WB starts Exagen at outperform

William Blair initiated coverage of Exagen (NASDAQ:XGN) with an “outperform” rating based on an outlook for business trends, potential upside to revenue estimates, and its relative valuation to comparable diagnostic peer companies. The stock closed at $13.02 on Oct. 10.

After Exagen’s NASDAQ listing on Sept. 10 at $14, the stock has traded down 7%, represents an enterprise value-to-revenue multiple of about 2.3 times, based on a 2020 revenue forecast of $54.6-million, writes analyst Brian Weinstein.

The multiple puts Exagen’s valuation below WB’s small-cap diagnostic peer group, which trades at a mean of 4.7 times and a median of 4.8 times 2020 revenue, he added.

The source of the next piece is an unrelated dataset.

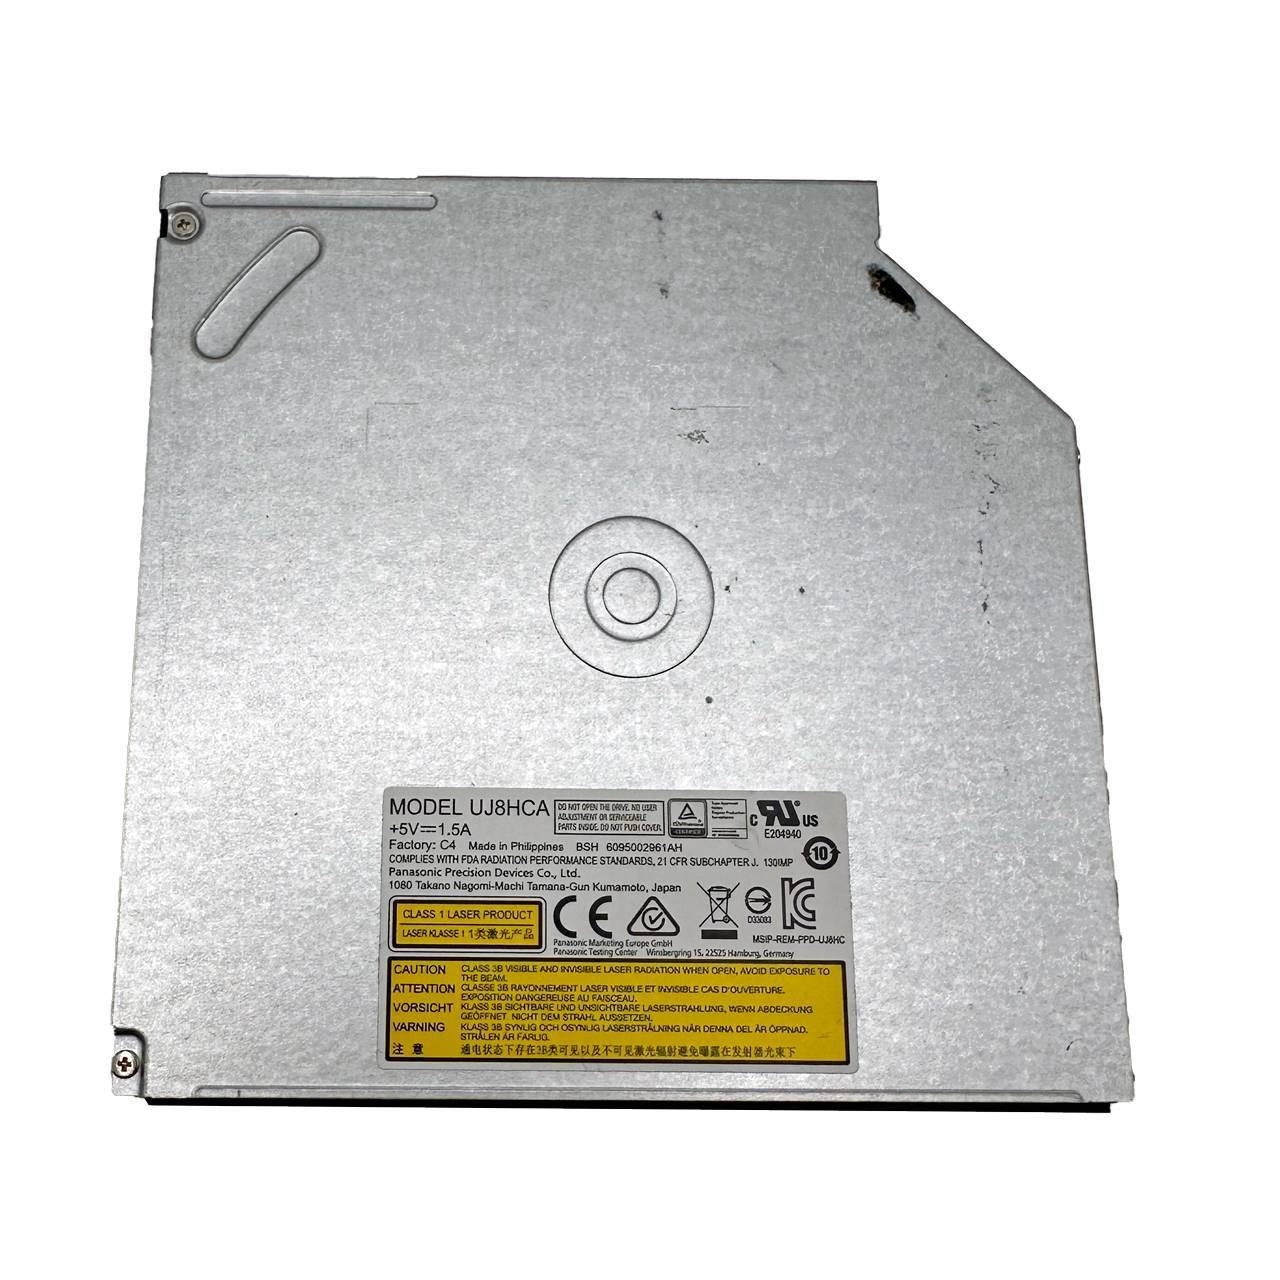 DVD-Brenner Panasonic UJ8HCA slim SATA 9mm gebraucht

Exagen is focused on improving the lives of patients with difficult to diagnose autoimmune conditions, many of whom require multiyear diagnostic testing, affecting quality of life and pushing up healthcare costs.

Mr. Weinstein says the company estimates seven million patients are candidates for referral to the rheumatology community, where Exagen’s AVISE CTD test has a potential market of about $3.7-billion, and when “adding in other testing options the company has for prognosis and monitoring, the market jumps to $5-billion.”

Exagen’s technology, called CB-CAPs, looks for activation of the complement system, which comes into play with autoimmune disease. By incorporating CB-CAPs along with existing basic markers used by clinicians already, Exagen “provides the opportunity for a differential diagnosis of a variety of conditions that is faster and more accurate than what is available elsewhere,” he added.

In December 2018, Exagen entered an agreement with Janssen Pharmaceuticals to exclusively promote the antitumor necrosis factor (anti-TNF) biologic SIMPONI in the U.S.

Mr. Weinstein says Exagen estimates the market for SIMPONI is $28-billion for all indications and notes each incremental 1% market share it is able to gain for SIMPONI could result in revenue of $84-million to Exagen.